To increase the accuracy of the analyses, we incorporated several of the previously described adjustments that enhance DI measurements into ANDI. The macro features contrast enhancement operations, use of the Particle Remover plugin to remove non-neurite matter from neurite images and non-nuclear matter from images of nuclei, and detection of neurite fragments using size parameters of 5–10,000 for the Analyze Particles plugin. 

We hypothesized that, collectively, the use of fluorescence microscopy, contrast enhancement operations, removal of small objects with the particle remover, and optimized parameters for particle detection would contribute to more accurate measurements of neurite degeneration. To test this hypothesis, the phase-contrast images of LUHMES cells exposed to various concentrations of 6-OHDA, generated as described in Figure 2, were analyzed by blind and subjective scoring using a value range between 0.0 and 1.0, with values representing the apparent proportion of fragmented neurite area. We then evaluated the correlation between the subjective scores and DI measurements obtained via the traditional method, as well as the correlation between the subjective scores and DI measurements obtained using the ANDI Macro. 

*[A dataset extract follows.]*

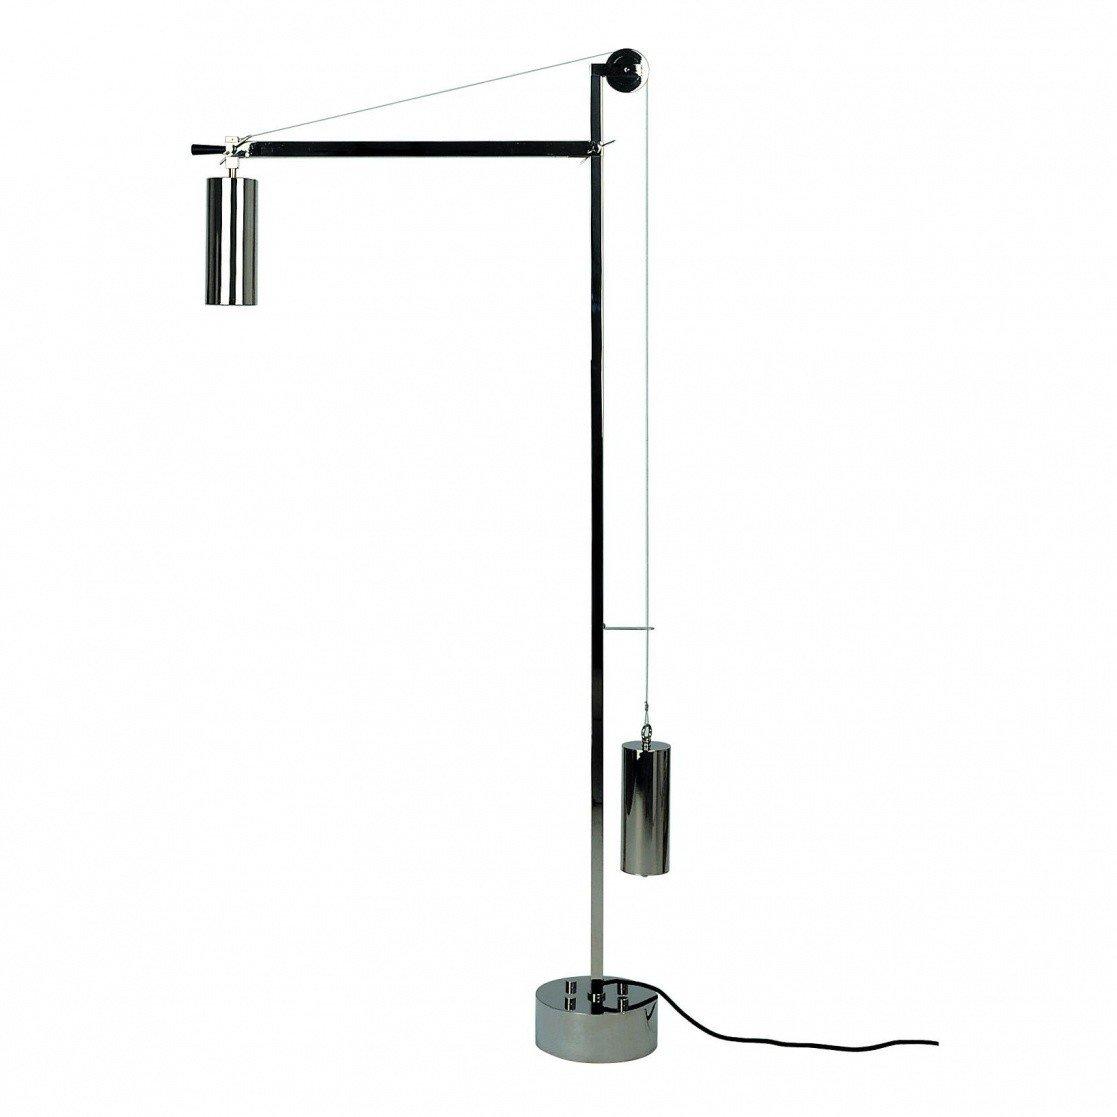 Eb 27 bauhaus floor lamp with counterbalance tecnolumen tecnolumen eb 27 bauhaus floor lamp with counterbalance aloadofball Images

While DI measurements obtained using the traditional method correlated with subjective scores (r 2 = 0.7850, p,0.0001; Fig. 5F), the ANDI Macro yielded measurements that correlated much more strongly with subjective ratings (r 2 = 0.978, p, 0.0001; Fig. 5G). Direct statistical comparisons revealed that scores obtained via the ANDI Macro correlated significantly stronger with subjective ratings than do scores obtained via the traditional method (z = 6.626, p, 0.0001; Fig. 5F, G). Further analyses revealed that the macro facilitates the performance of DI measurements with robust and significant improvement in time efficiency. DI analyses performed using the ANDI Macro required an average time of 12.75 s per image analyzed, compared with an average time of 5.27 min per image analyzed via the traditional method [Friedman x2 (1) = 9, p = 0.0027]. Altogether, these results indicate that ANDI yields rapid generation of DI measurements that, compared with scores obtained via the traditional method, more closely approximate the degeneration that investigators perceive from qualitative analysis of neurite images.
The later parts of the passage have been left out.